EXERCISE DETAILS: What follows is a listing to transcribe exactly, leaving the pictures out.

AVAILABLE DATA:

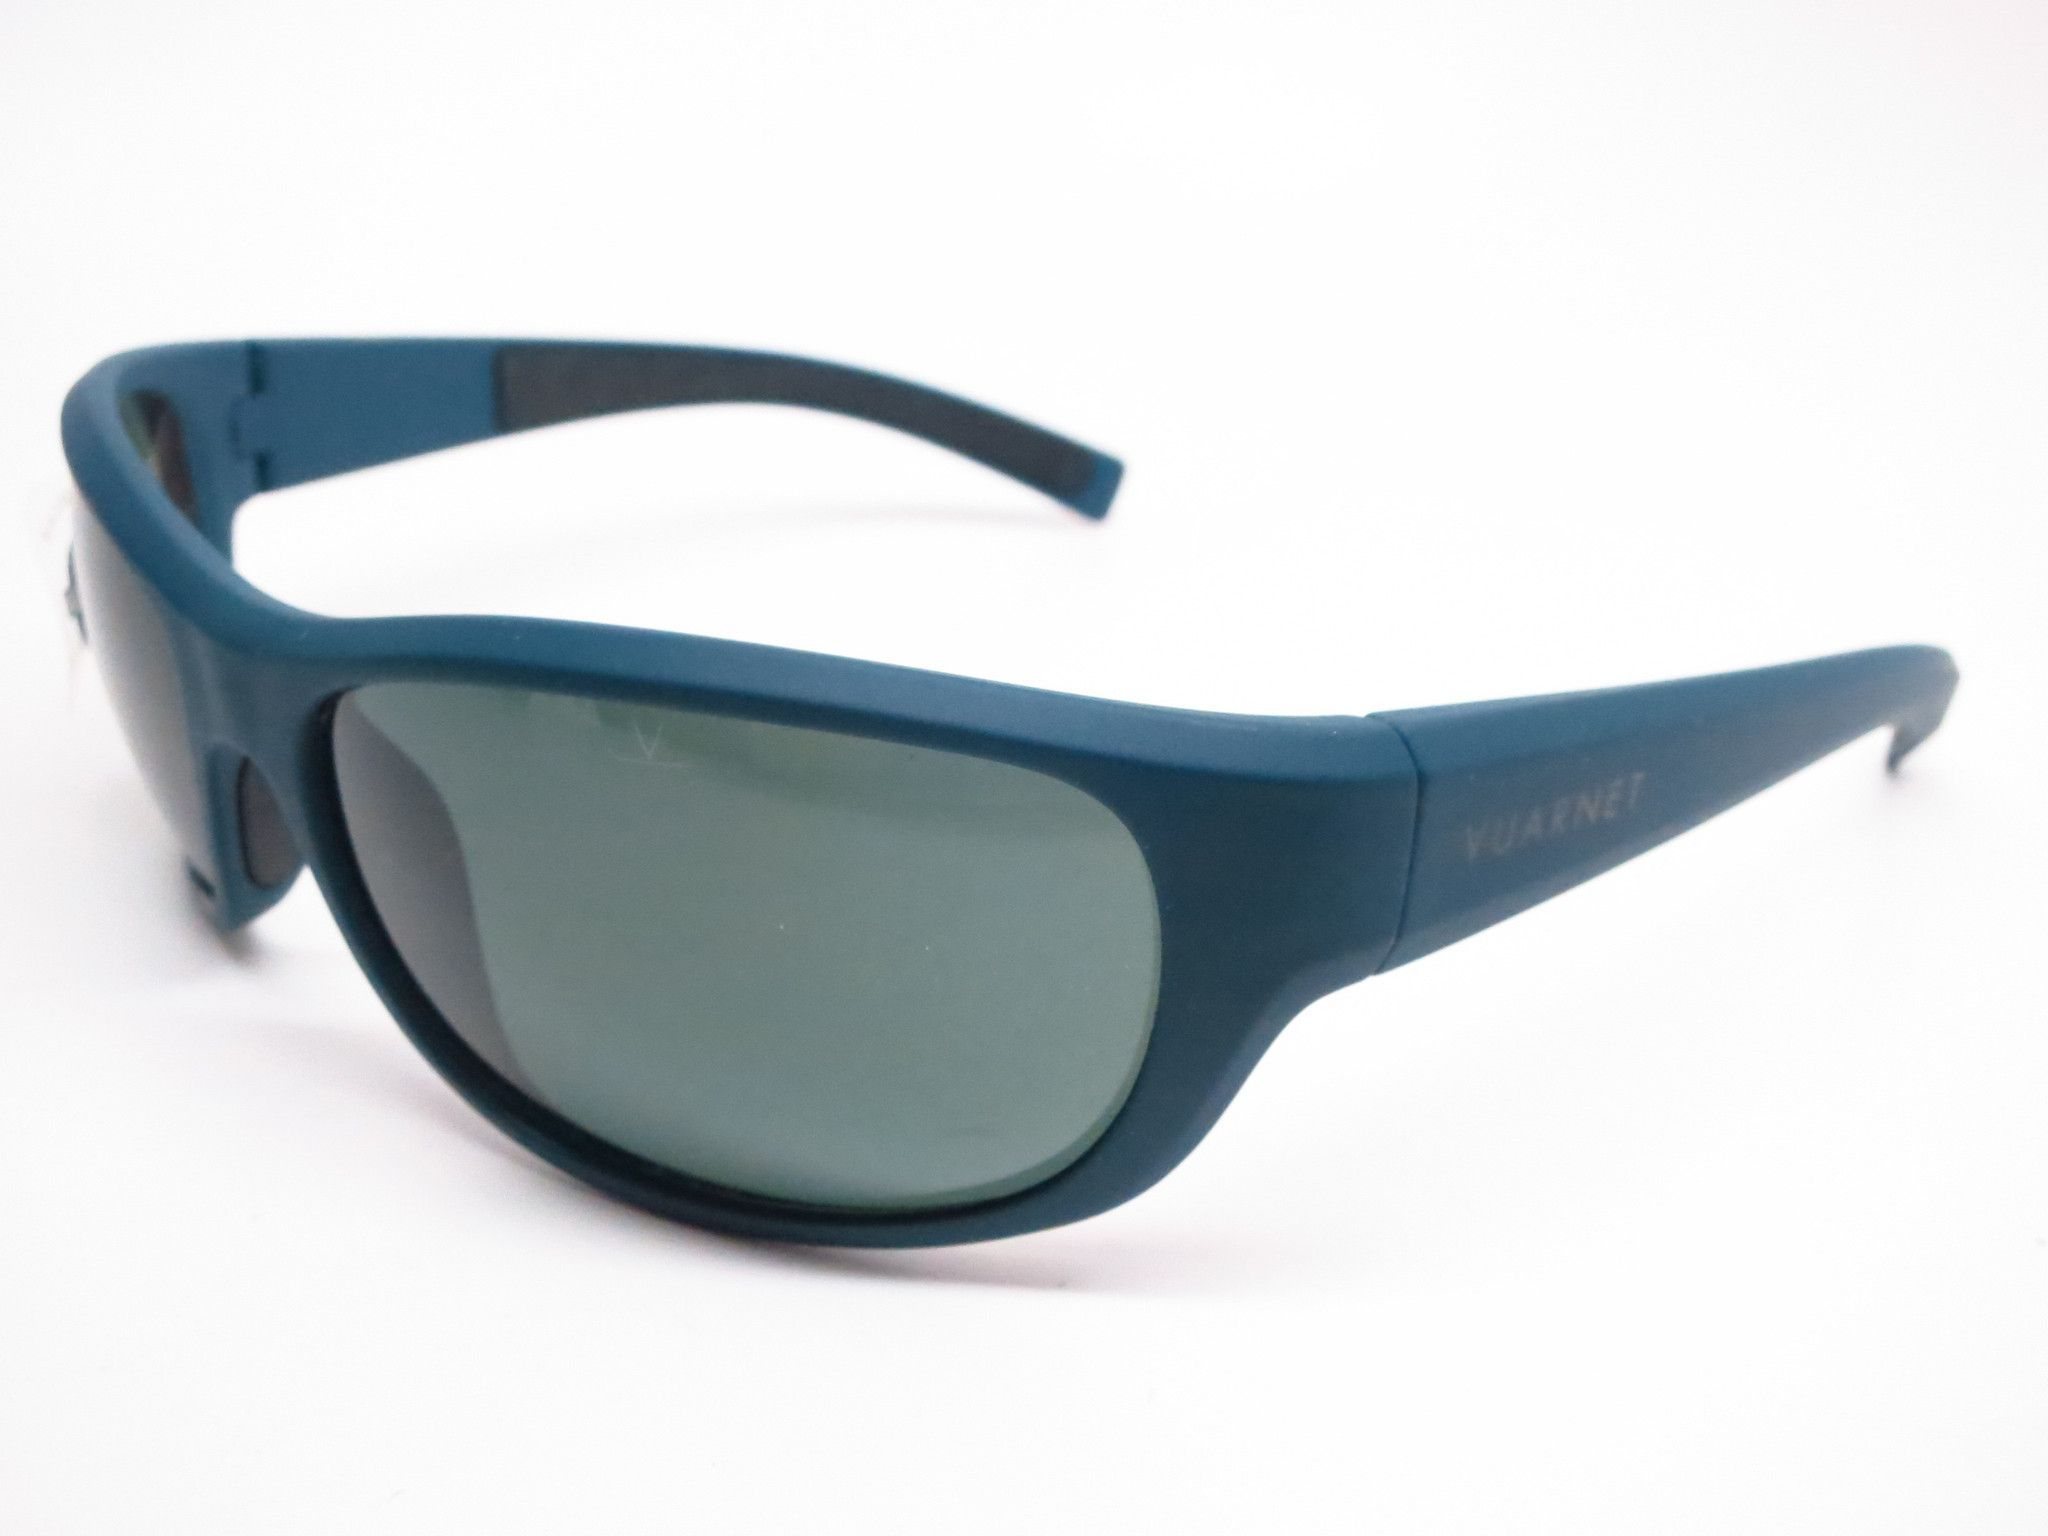 a90d519af2 Vuarnet VL 1522 Blue 0005 1622 Sunglasses
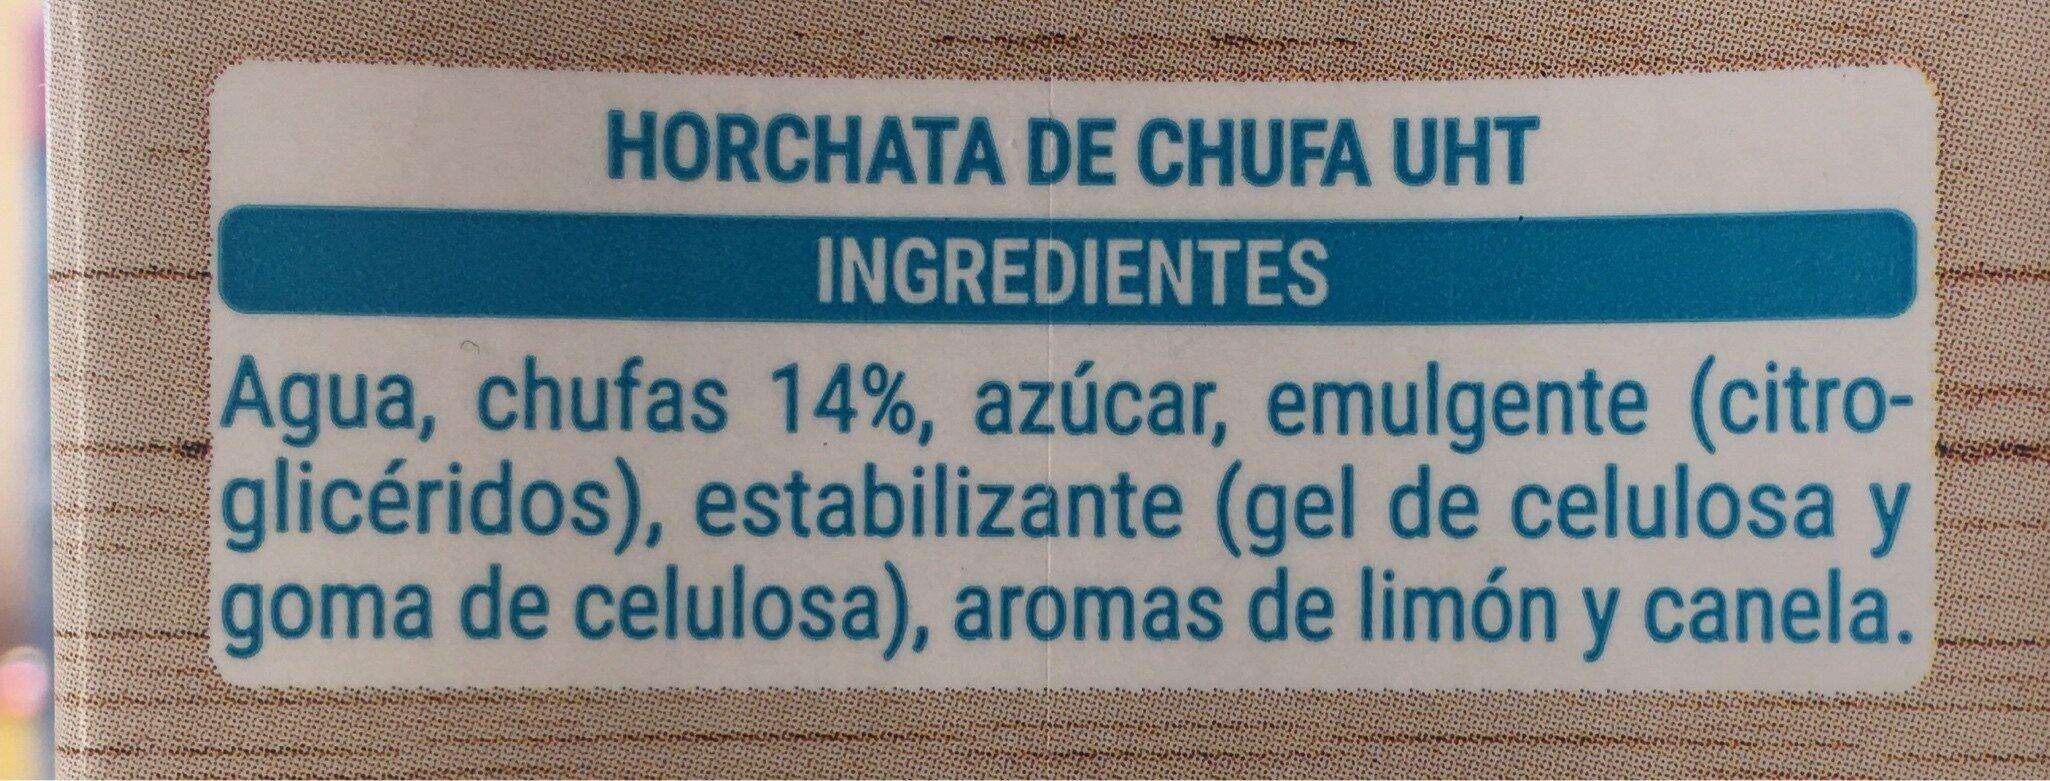 Horchata de chufa - Ingredientes - es
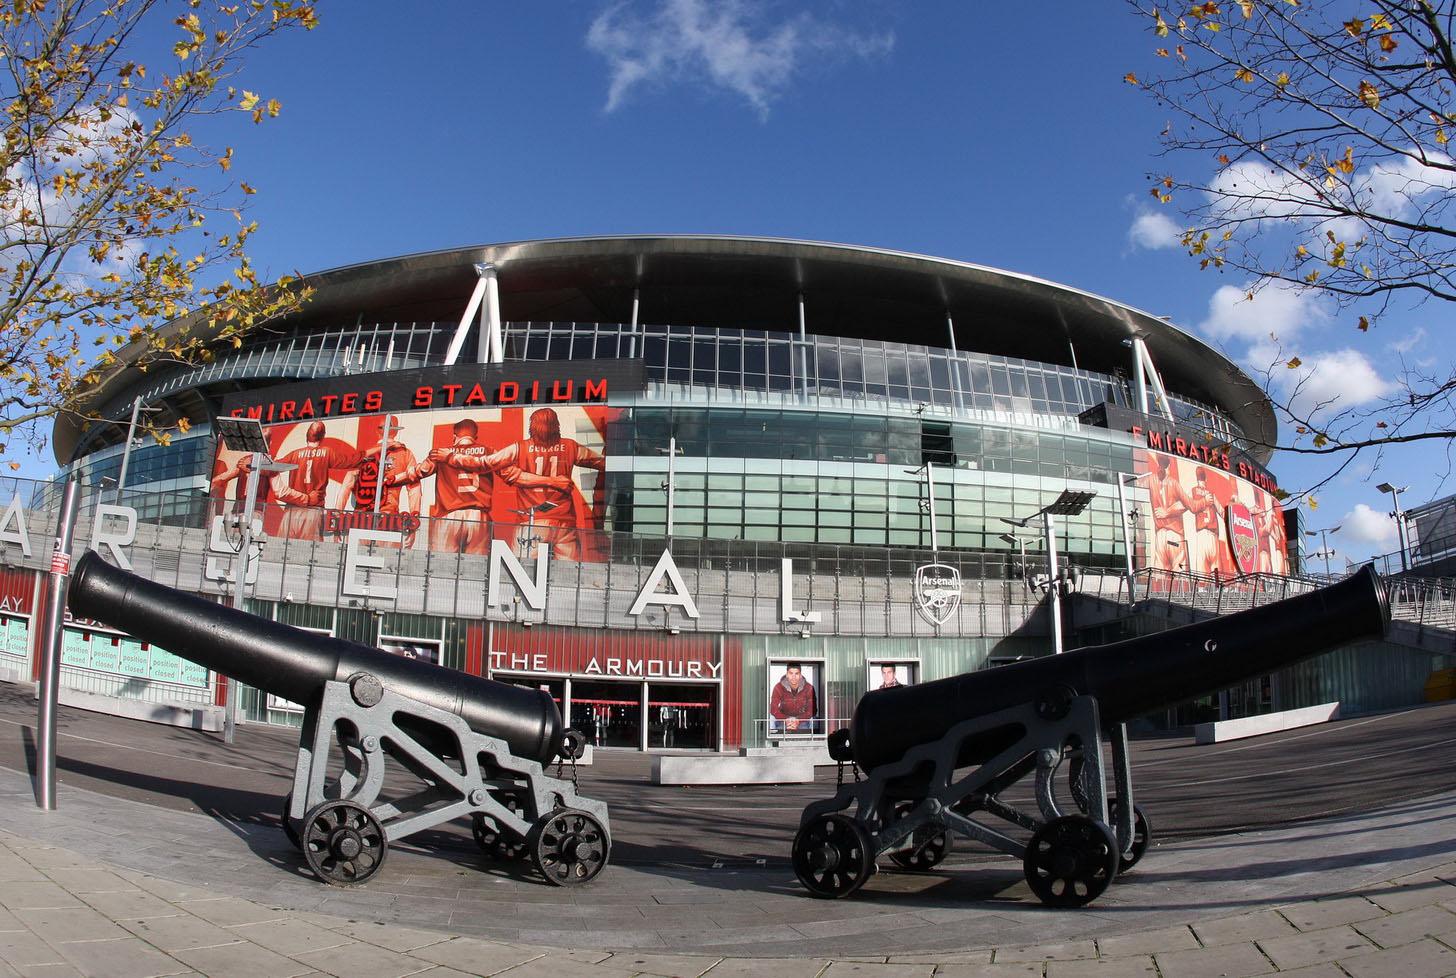 Emirates Stadium, 17/11/09. Credit : Arsenal Football Club / David Price.
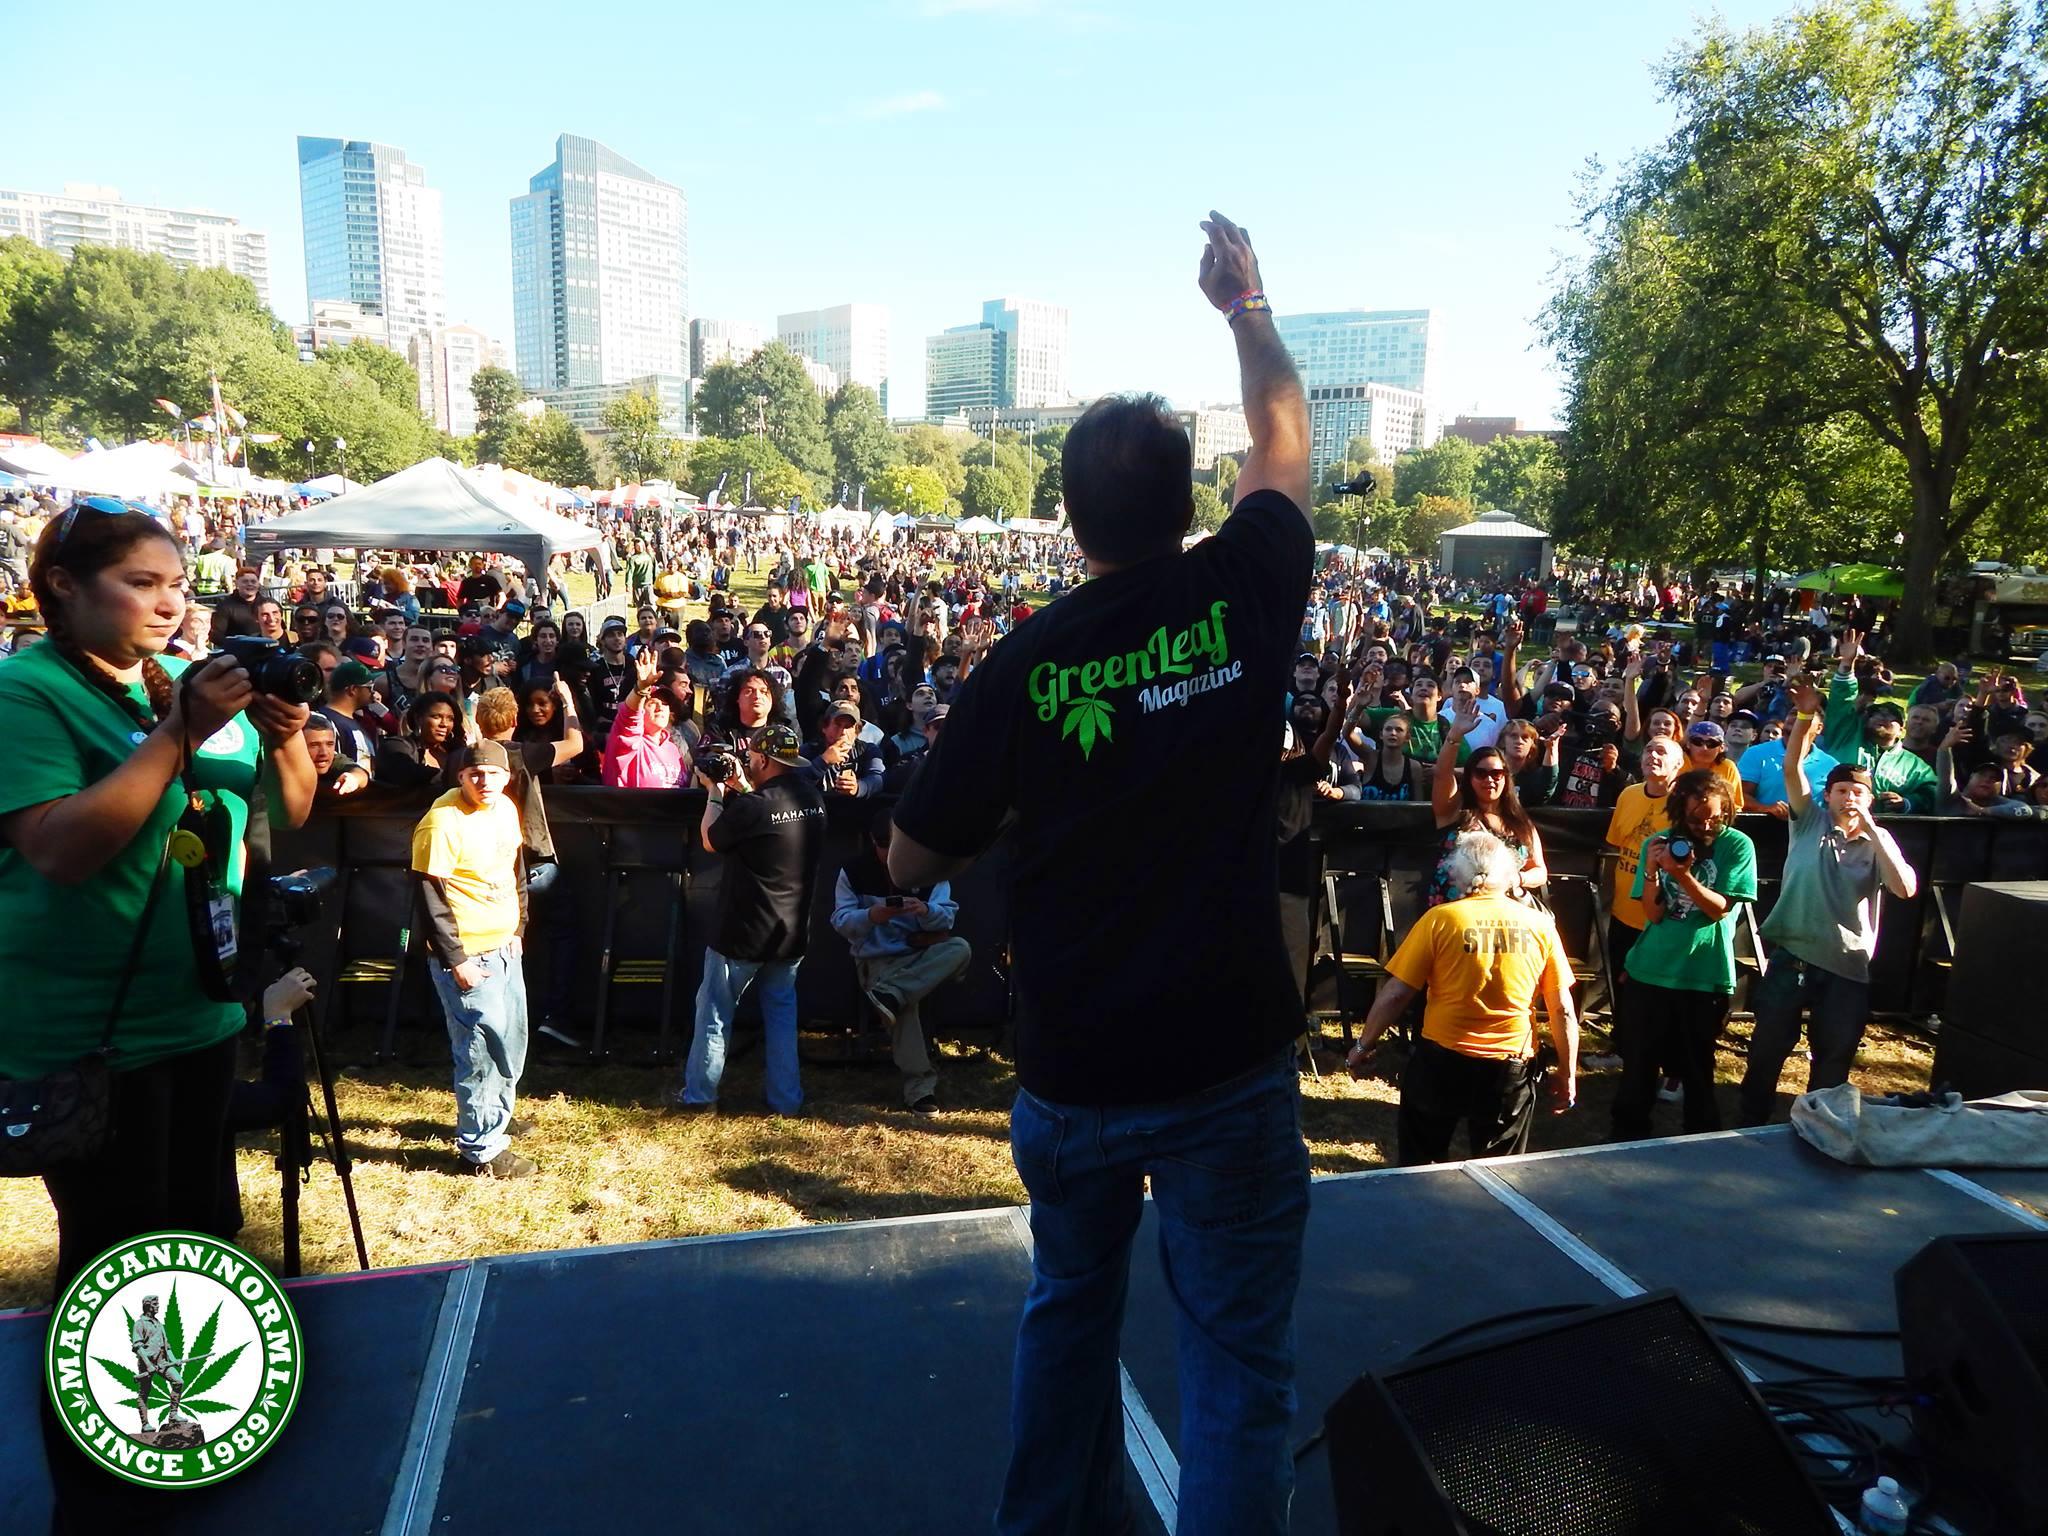 Boston Freedom Rally

TASK OUTPUT:
 a90d519af2 Vuarnet VL 1522 Blue 0005 1622 Sunglasses
 Horchata de chufa - Ingredientes - es
 Emirates Stadium, 17/11/09. Credit : Arsenal Football Club / David Price.
 Boston Freedom Rally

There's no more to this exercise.